For decades, however, its tens of thousands of elite officers have jealously guarded their privileged station. They live as a class apart, with their own social clubs, hotels, hospitals, parks and other benefits financed by the state.
Many have also grown wealthy through government contracts and business deals facilitated by their positions. It is, in some respects, a hereditary Brahmin caste, in which sons follow their fathers' careers and they all live inside a closed social circle.
"It is a tightly knit group," said Robert Springborg, a professor at the Naval Postgraduate School in Monterey, Calif., and an expert on the Egyptian military. "They tend to think alike and they are a force to be reckoned with because, besides the Brotherhood, they are the only really cohesive institution in the country."

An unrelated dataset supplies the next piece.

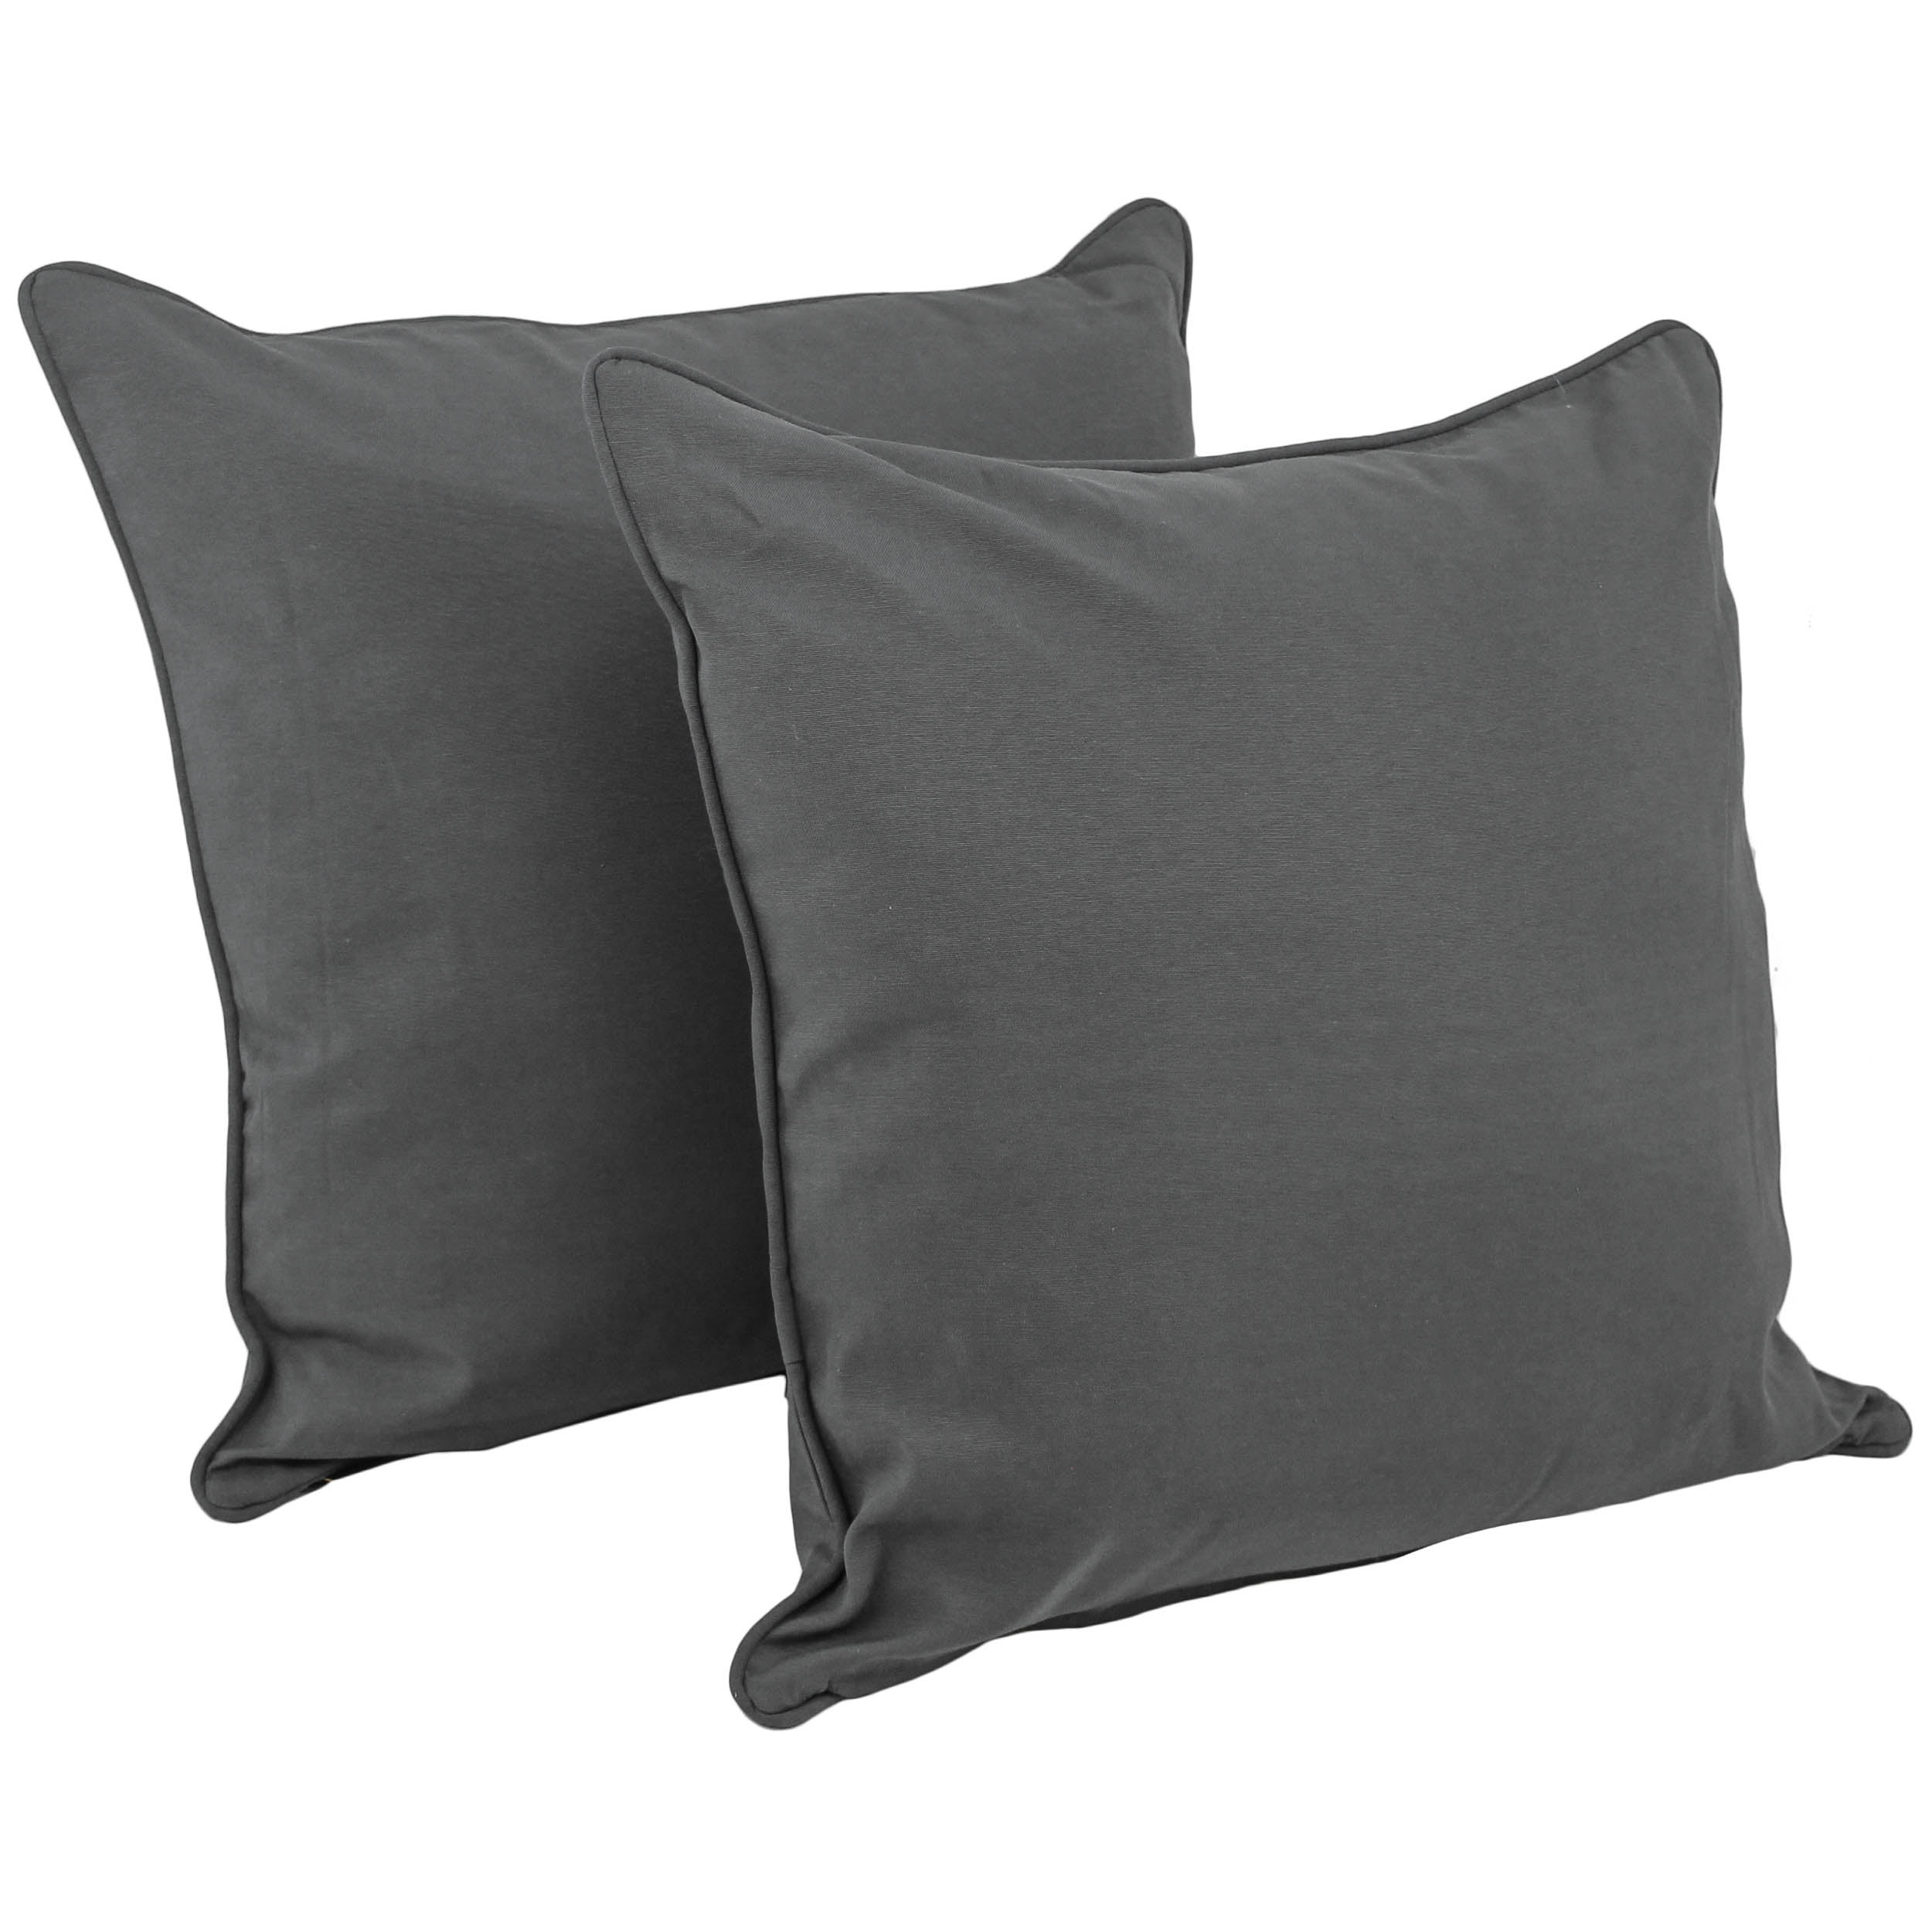 Picture of Blazing Needles 9813-CD-S2-TW-GY 25 in. Double-Corded Solid Twill Square Floor Pillows with Inserts, Steel Grey - Set of 2

For six decades before the revolution in 2011, military men ruled Egypt. For most of his nearly three decades in power, Mr. Mubarak, a former air force commander, largely let the military operate as it liked. But after 18 days of a mass uprising in 2011 against his rule, the military decided the deal was off. Stability was threatened. Mr. Mubarak's long-serving defense minister, Field Marshal Mohamed Hussein Tantawi, who had been known as "Mubarak's poodle," ousted and jailed him.
For more than a year, the military ran Egypt -- and learned a lesson that apparently guides its decisions now. Running the government left its officers vulnerable to public outrage over economic, social and political problems. The period was marred by economic decline and street unrest.
The most common protest chant became "Down, down with military rule!"
Michael Wahid Hanna, a researcher at the Century Foundation, said the military wanted nothing more than to be able to go back to its barracks.
"They don't like being front-line actors, and they don't like being police," he said. "Mostly they just want things to settle down."
Although many in the military distrusted Mr. Morsi's Islamist background -- the Brotherhood had been outlawed before the revolution -- they welcomed his inauguration in June 2012 as an exit from the accountability of governing. Mr. Morsi also granted two key demands: squashing the possibility of postrevolutionary prosecutions of military officials for Mubarak-era crimes and passing a Constitution that excused the military budget from parliamentary oversight.
That, plus the perception that Brotherhood members were at least competent and disciplined managers, appeared to give the military confidence that the Islamist group would be a worthy partner. That view changed as internal crises mounted. The economy continued to plunge, and fuel shortages and power cuts caused anger in the streets.
Mr. Morsi also took a number of steps that the military saw as jeopardizing national security. He spoke at a mass rally where Muslim clerics called for jihad in Syria, raising fears of a new generation of radicalized Egyptians coming home from a foreign war.
When he addressed the nation on Wednesday night, General Sisi said the military had reached out to the presidency for months to try to defuse the crisis but had been repeatedly rebuffed. In appointing a little-known judge as interim leader, the military did not make clear how much authority he would have or whether it would run the country behind the scenes.
But analysts said the opposition was naïve in cheering the military's return to power as a step in the postrevolutionary transition to democracy.
"The liberals and the revolutionaries are too quick to hop into bed with the military -- it is not their friend," said Mr. Cook of the Council on Foreign Relations. "The most important thing from the military's perspective is preserving its place as the locus of power and influence in the system."
Mayy El Sheikh contributed reporting.